The progression of energies and petals goes from the lowest human level of Muladhara chakra (where the earth element dominates, Lam bija mantra is the master sound, where Apana Vayu reigns, a chakra connected to the nose and anus and to the sense of smell, with only four petals); to Swadhisthana chakra (where water element rules, Vam mantra is sound, Apana Vayu reigns, connected to our tongue and genitals and our sense of taste, with six petals); to Manipura chakra (the house of the fire element, Ram mantra, ruled by Samana Vayu, and centred around the navel, with ten petals); to Anahata chakra (the house of the Air element, Yam bija mantra, ruled by Vyana Vayu, connected to our heart, hands and skin and to the sense of touch with twelve petals); to Vishuddhi Chakra (the realm of ether, Ham mantra, Udana vayu, connected to our throat, vocal chords and ears, with sixteen petals); to Ajna Chakra (the realm of the mind where all elements and sense modalities merge, ruled by the sound of Ksham and Prana Vayu and connected to our third eye, with two petals meant to simplify a vibratory frequency of more than a hundred petals); ending in Sahasrara Chakra (the centre of pure consciousness, house of the mantra Om, where all the energies and Vayus merge and emanate from, corresponding to the crown of the head and the space above, with more than one thousand petals).
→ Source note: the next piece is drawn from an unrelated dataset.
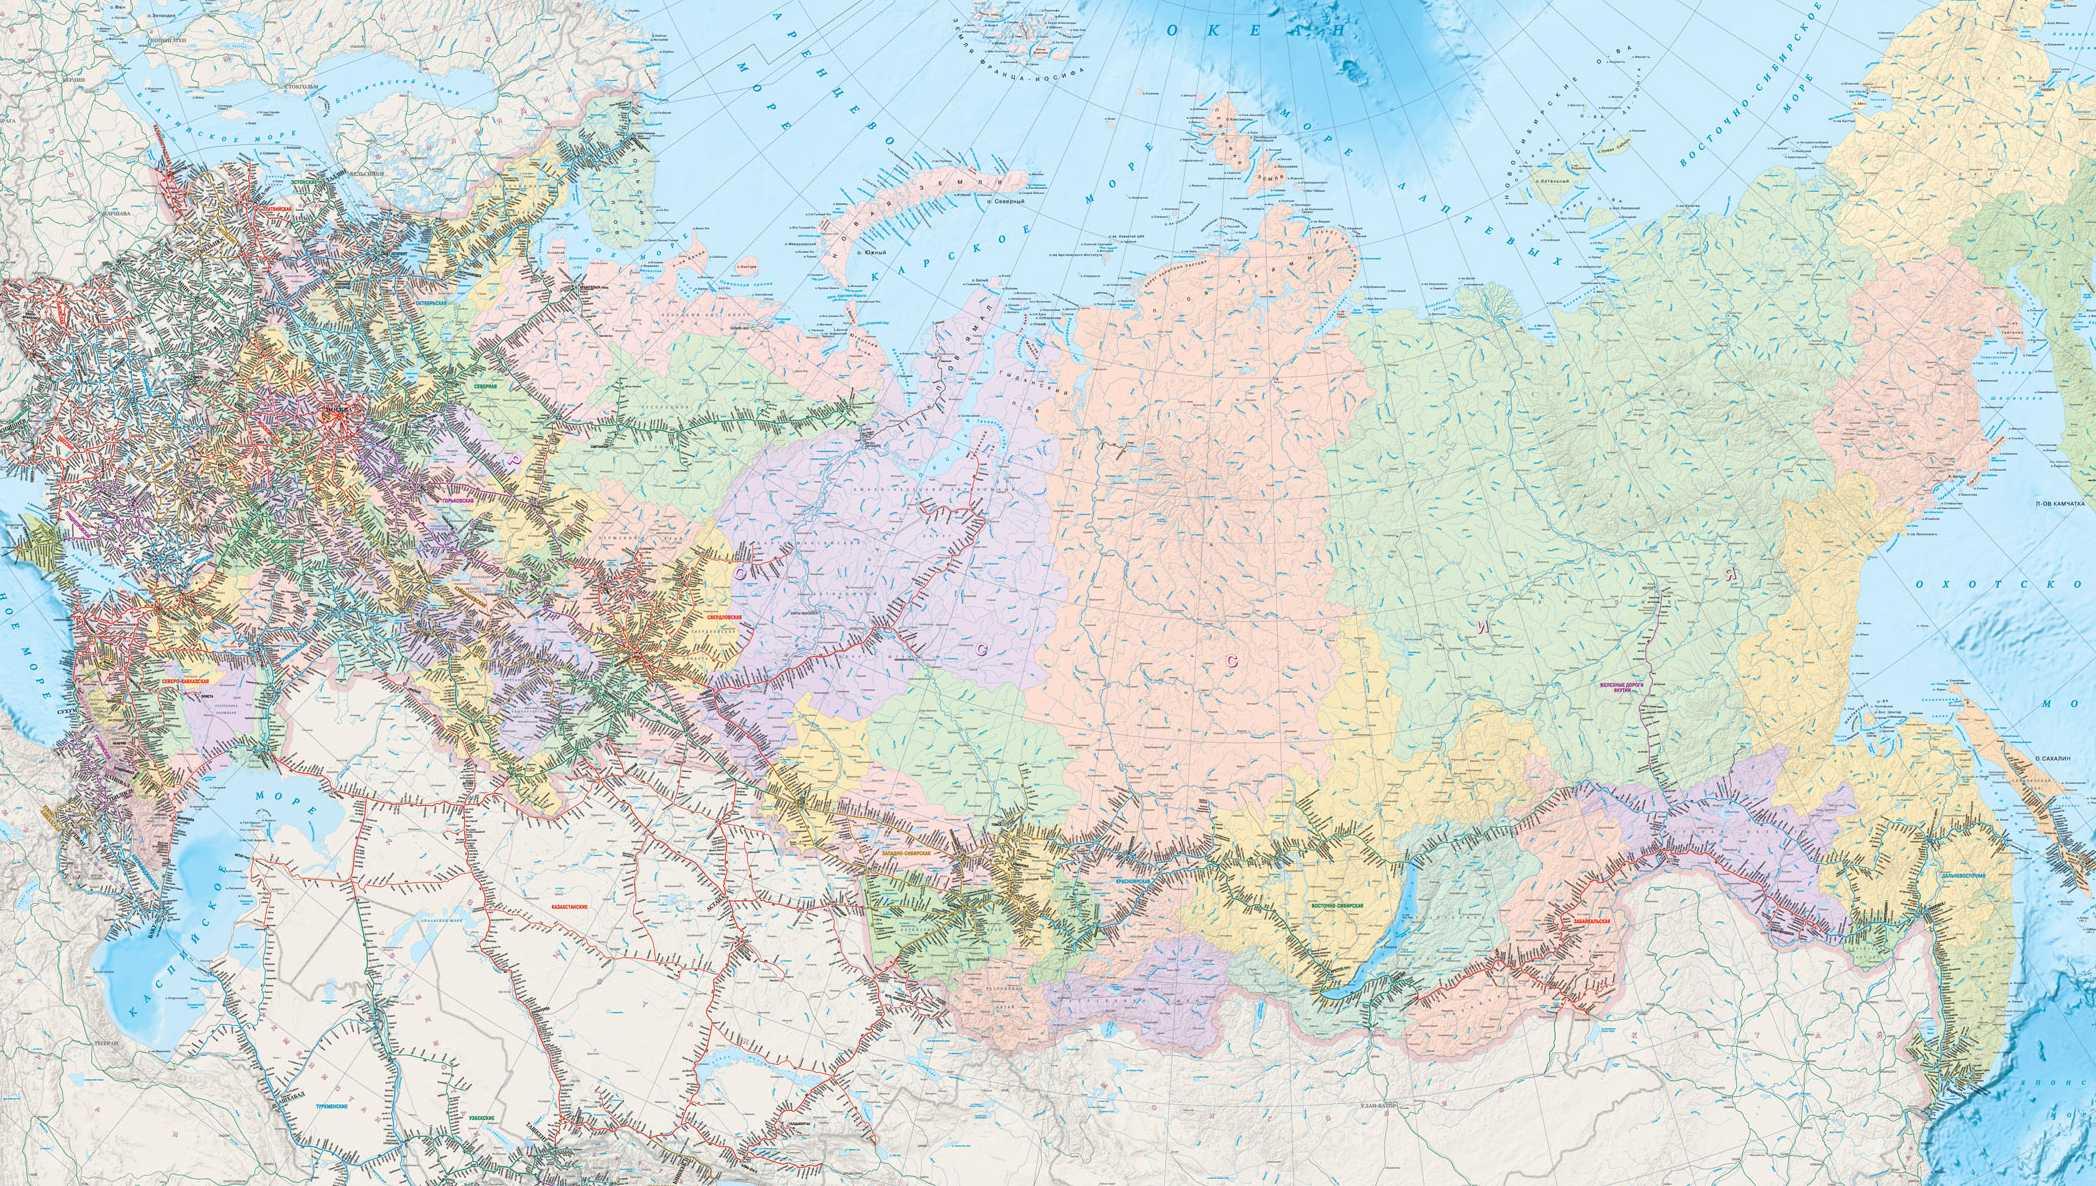 "<a href=""/map"">Карта ВЧДЭ</a>"

What the chakras represent is a roadmap for the evolution of human consciousness where each consecutive level grants us the opportunity to sublimate the negative tendencies inherent in doing life from each specific level of awareness or chakra, into their spiritual counterparts. The goal is for us to progressively purify body, mind, and spirit throughout however many lives the process will require, so our atman or soul may finally be able rejoice in universal oneness and, bit by bit, grow out off the vicious cycle of human reincarnation and suffering.